A simple voice to text system built with FastAPI, AssemblyAI, MongoDB and Beanie!
Create a RESTful API for a simple voice to text system. The system should allow users to upload mp3 format audio file and return the audioʼs transcript as response. Use NoSQL database to store the data. Public available packages or tools are free to use. You can choose any packages or tools that make sense to help you complete the task.
In a fresh environment (I use conda, but any should work).
pip install -r requirements.txt
Create a .env
file at the root of the project, and include your Assembly AI key and your MongoDB Atlas Connection String. The .env
file should look like this:
MONGO_CONNECTION_STRING="mongodb+srv://<DB_USERNAME>:<DB_PASWORD>@<CLUSTER>....mongodb.net..."
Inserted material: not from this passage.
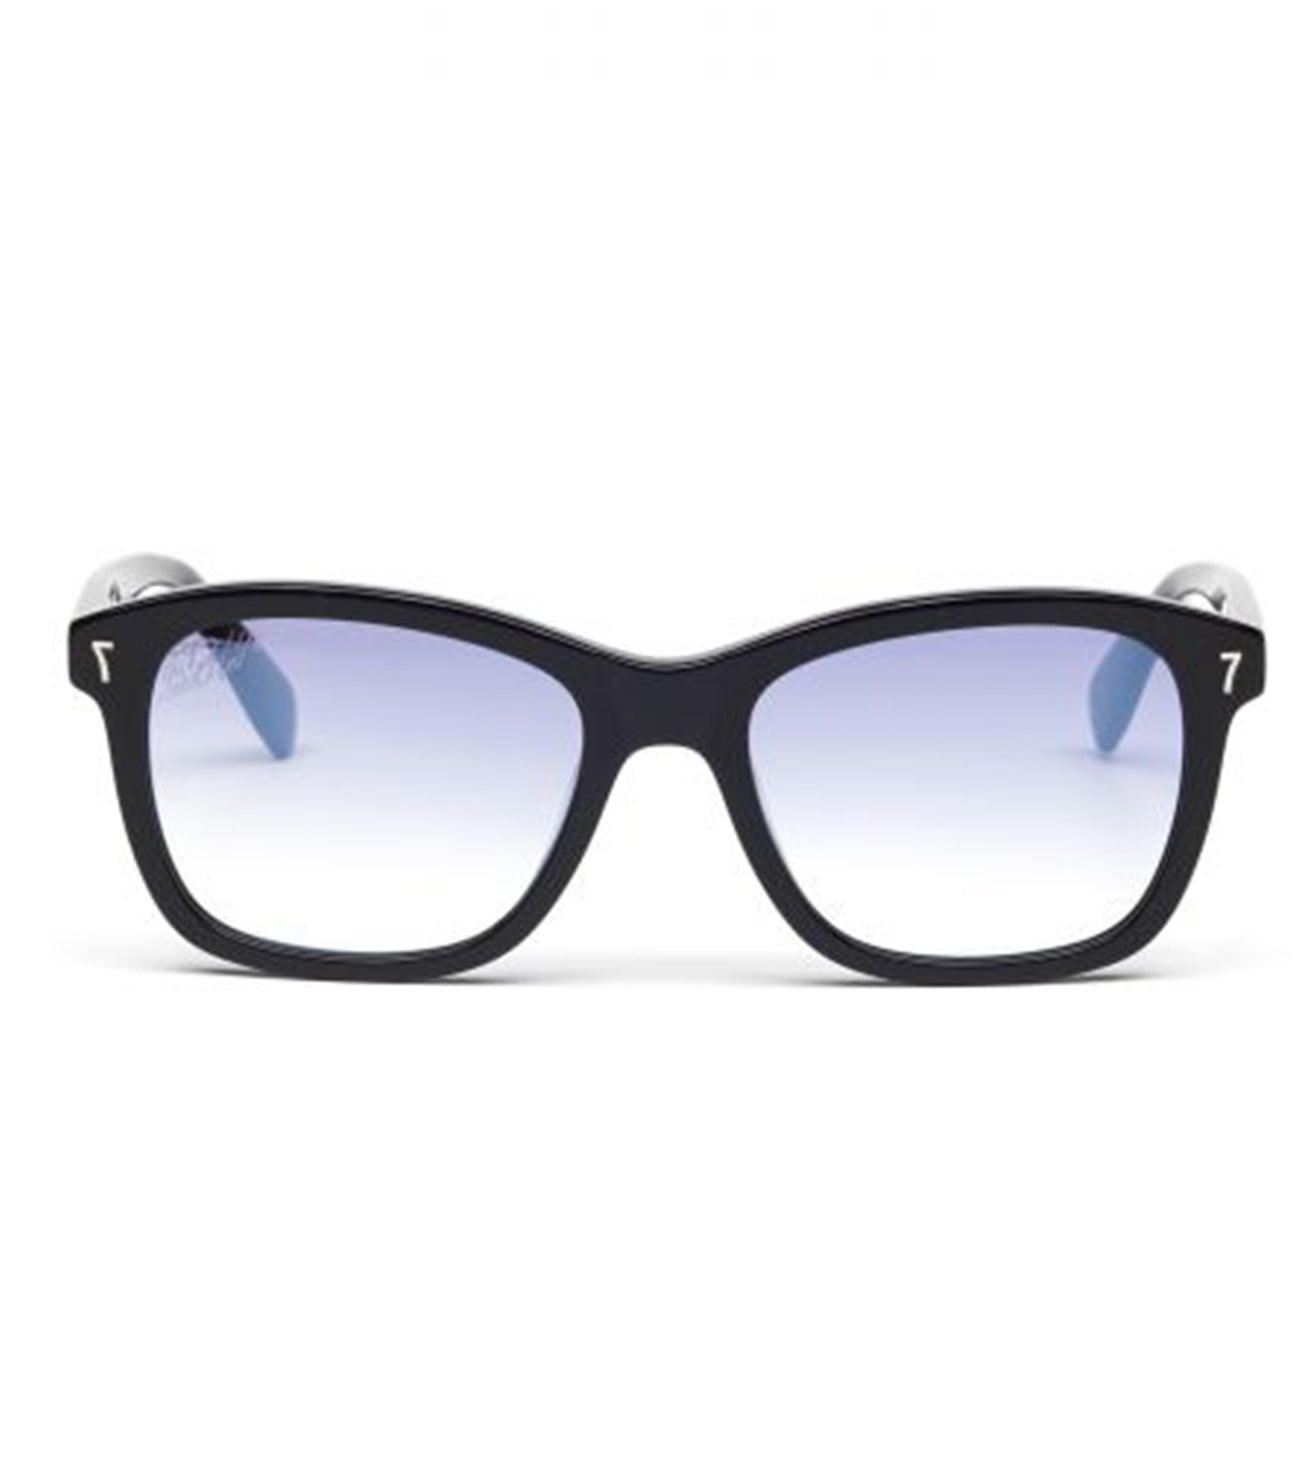 CR7 Unisex Blue Square Sunglasses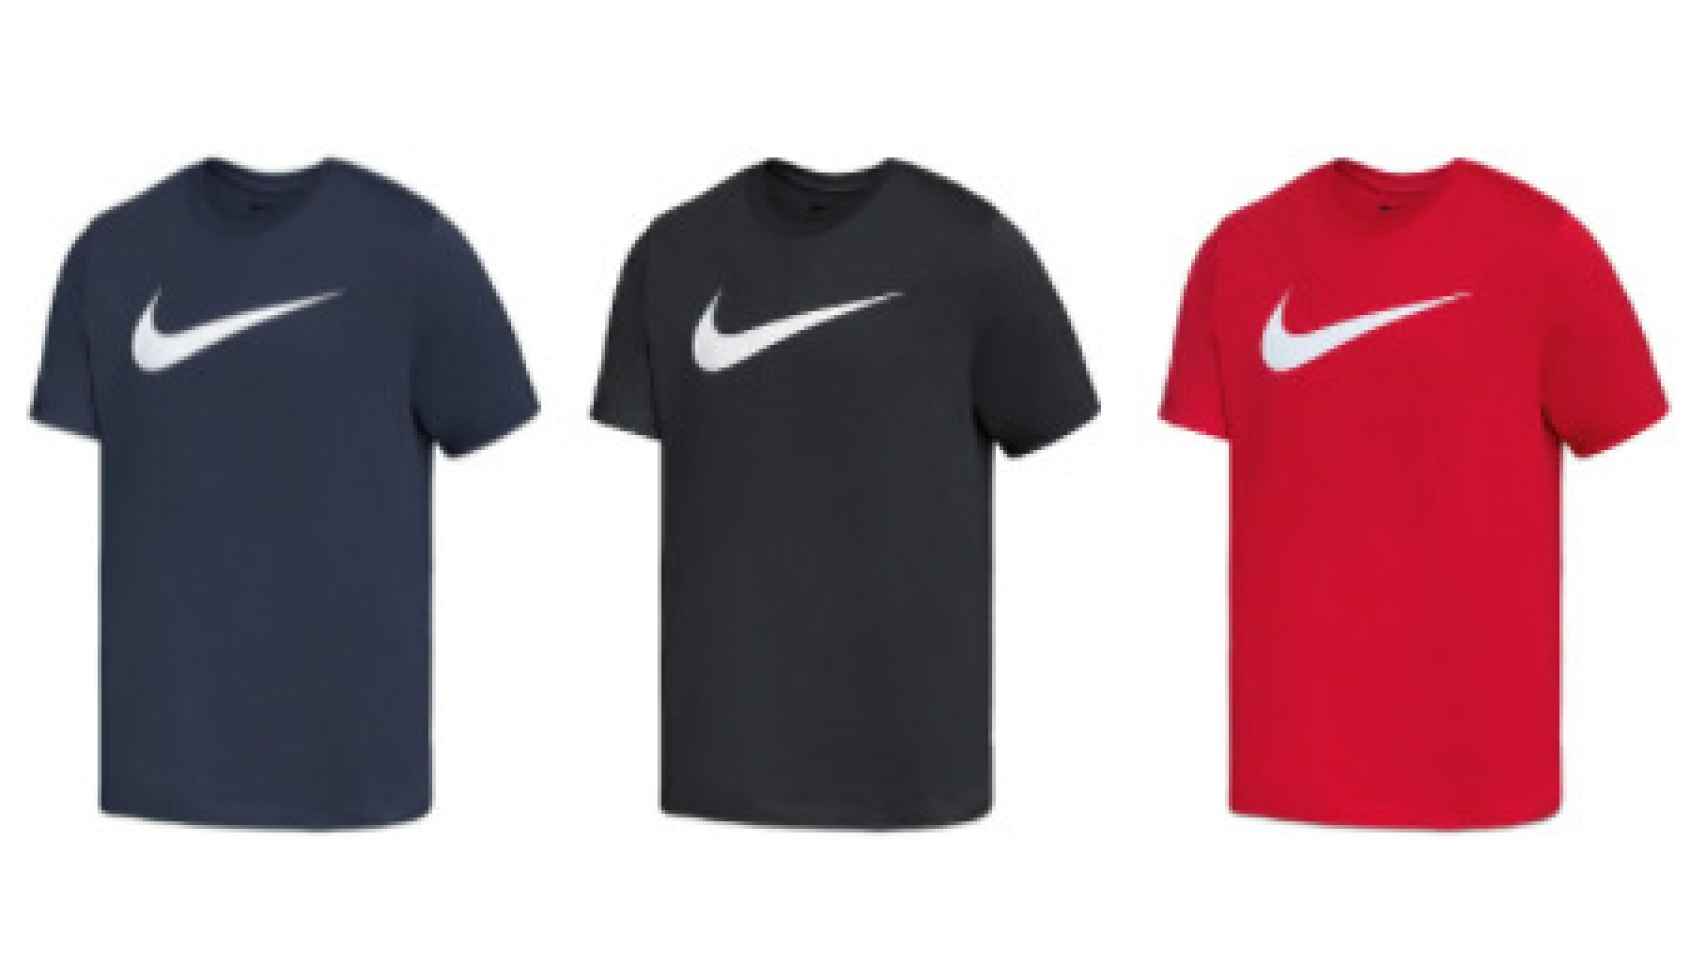 Las camisetas de Nike vendidas en Lidl.

ASSEMBLY_AI_API_KEY="<YOUR ASSEMBLY AI API KEY>"
Alternatively, export these variables in your local environment before running the server with:
export MONGO_CONNECTION_STRING="..."
export ASSEMBLY_AI_API_KEY="..."
To start the API server locally, use the following command (from the project root):
uvicorn src.main:app --reload
To test, head to localhost:8000
in your browser, and you should see the following:
{"message": "hello world"}
After starting the server, we can use the endpoints as intended.
To transcribe a file, the easiest ways are to either use the interactive docs (available at localhost:8000/docs
) or to use the example notebook provided.
Open the example notebook (example.ipynb
) and follow the instructions to interact with the API.
From the root, simply run:
pytest
If using VSCode, test should be discoverable by the built in test runner (see below). Make sure to configure as per the instructions.
This was a quick and simple approach, but some possible extensions and improvements could include;
- Add caching to avoid repeating (potentially expensive) transcriptions
- Add authentication + authorization system to track, manage and restrict usage
- Add rate limiting to protect resources and avoid malicious usage
- Extended functionality for retrieving transcriptions (by keyword / audio source / user etc.)